◆ The data ◆

»»

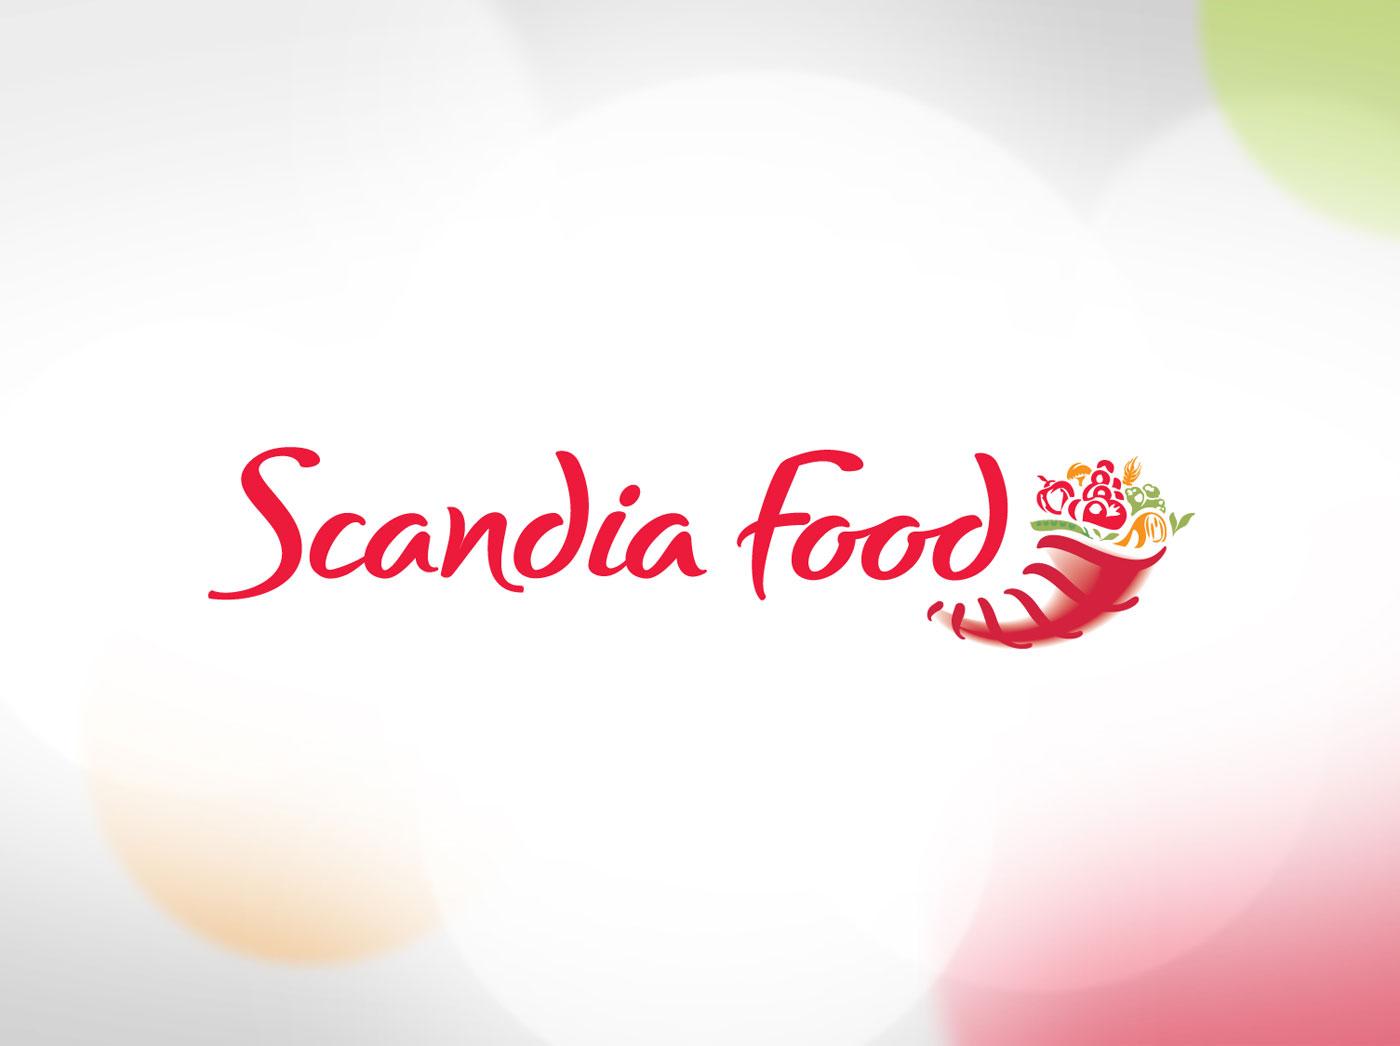 scandia food portofoliu inoveo logo
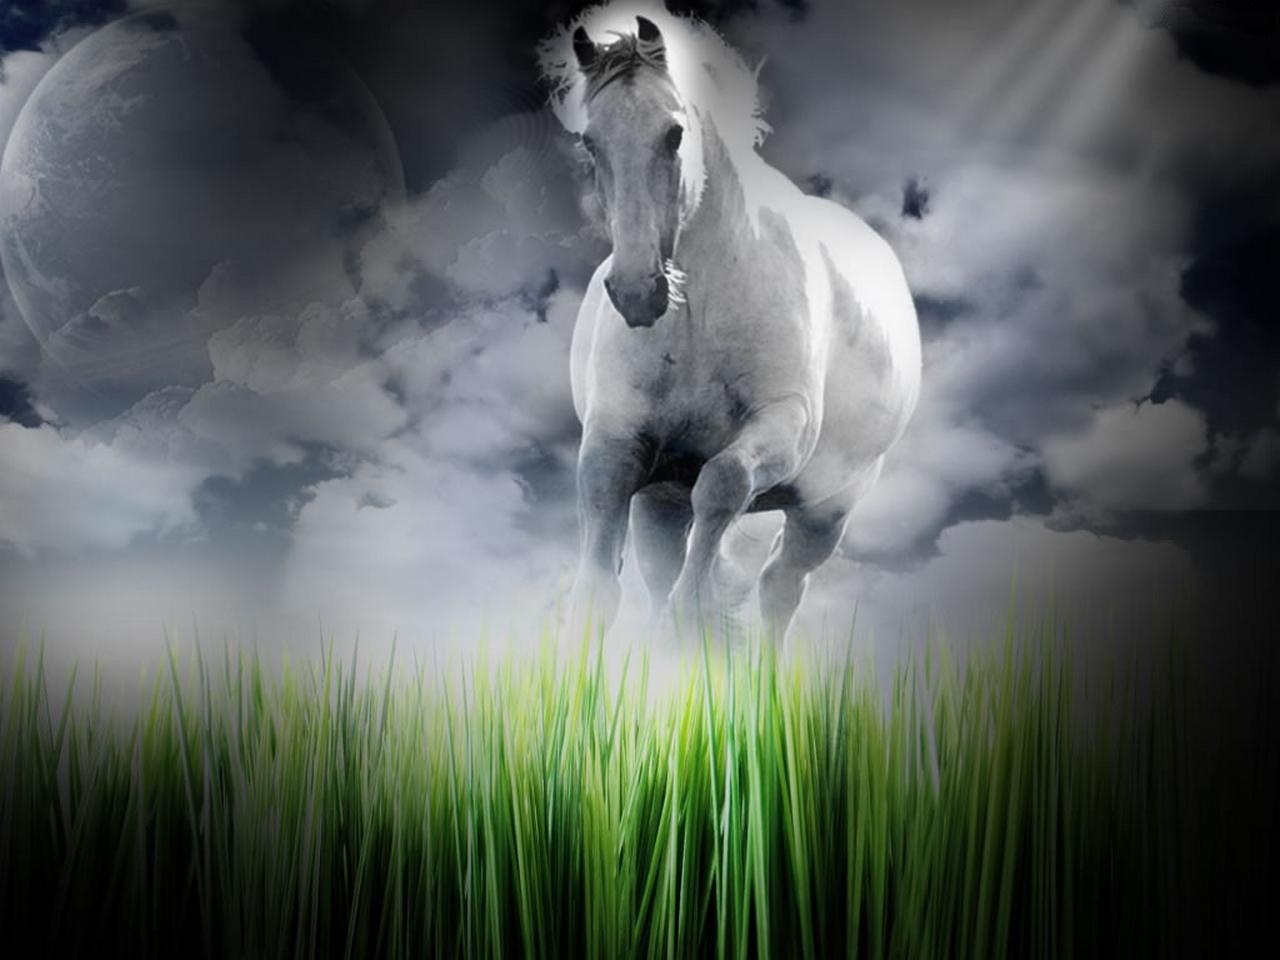 8k Animal Wallpaper Download: Animal Digital Art Wallpapers
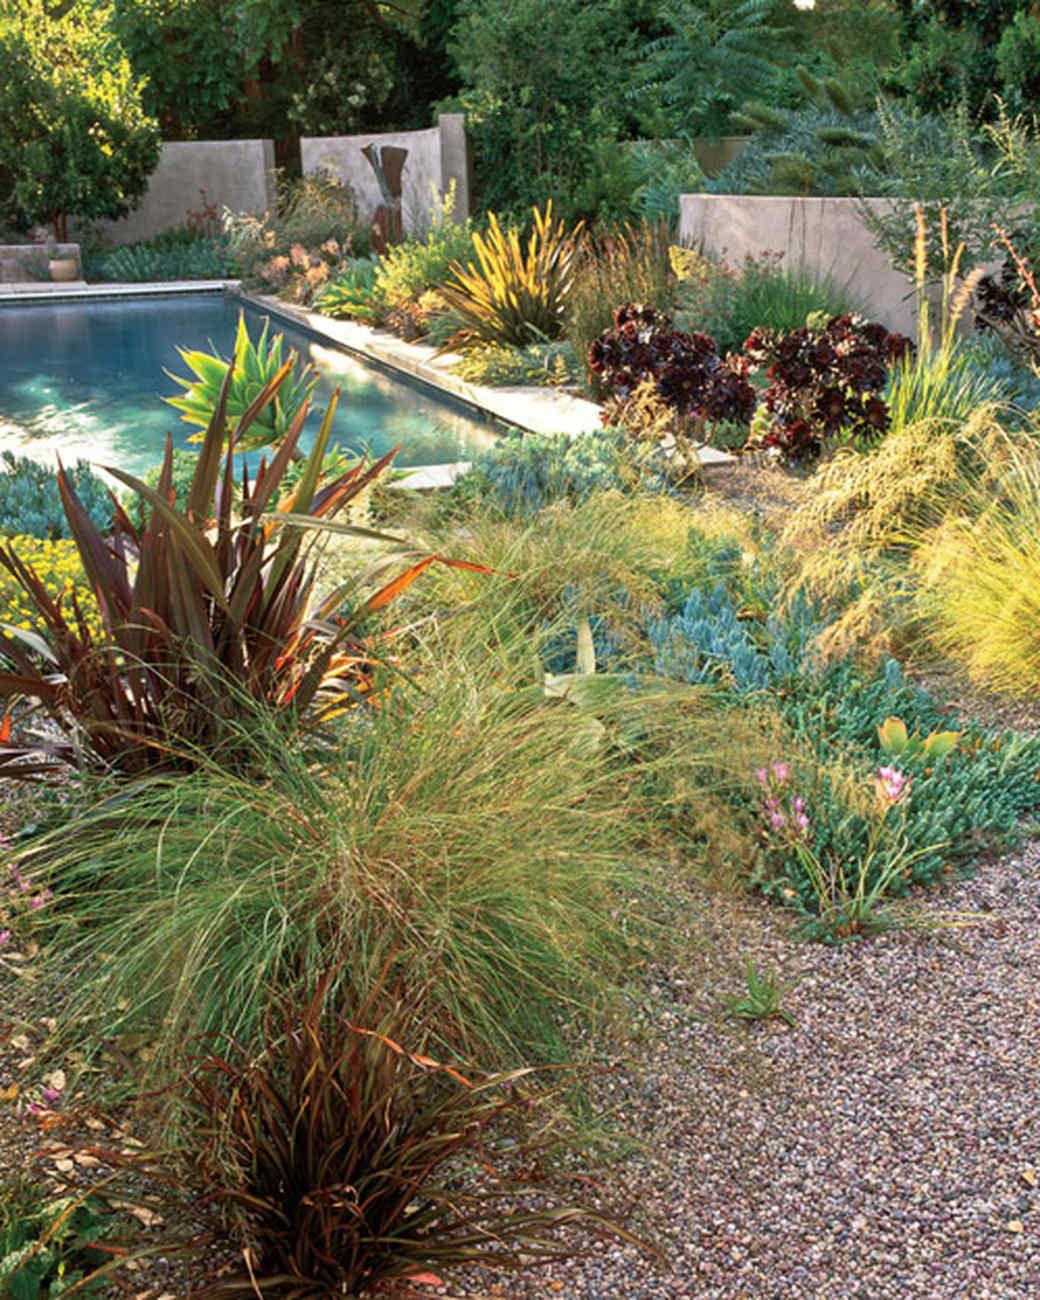 mla10490_0809_vought_garden3.jpg

««

◆ What this task involves ◆
Omitting all pictures, set the listing down exactly.

◆ Reply ◆
 scandia food portofoliu inoveo logo
 8k Animal Wallpaper Download: Animal Digital Art Wallpapers
 mla10490_0809_vought_garden3.jpg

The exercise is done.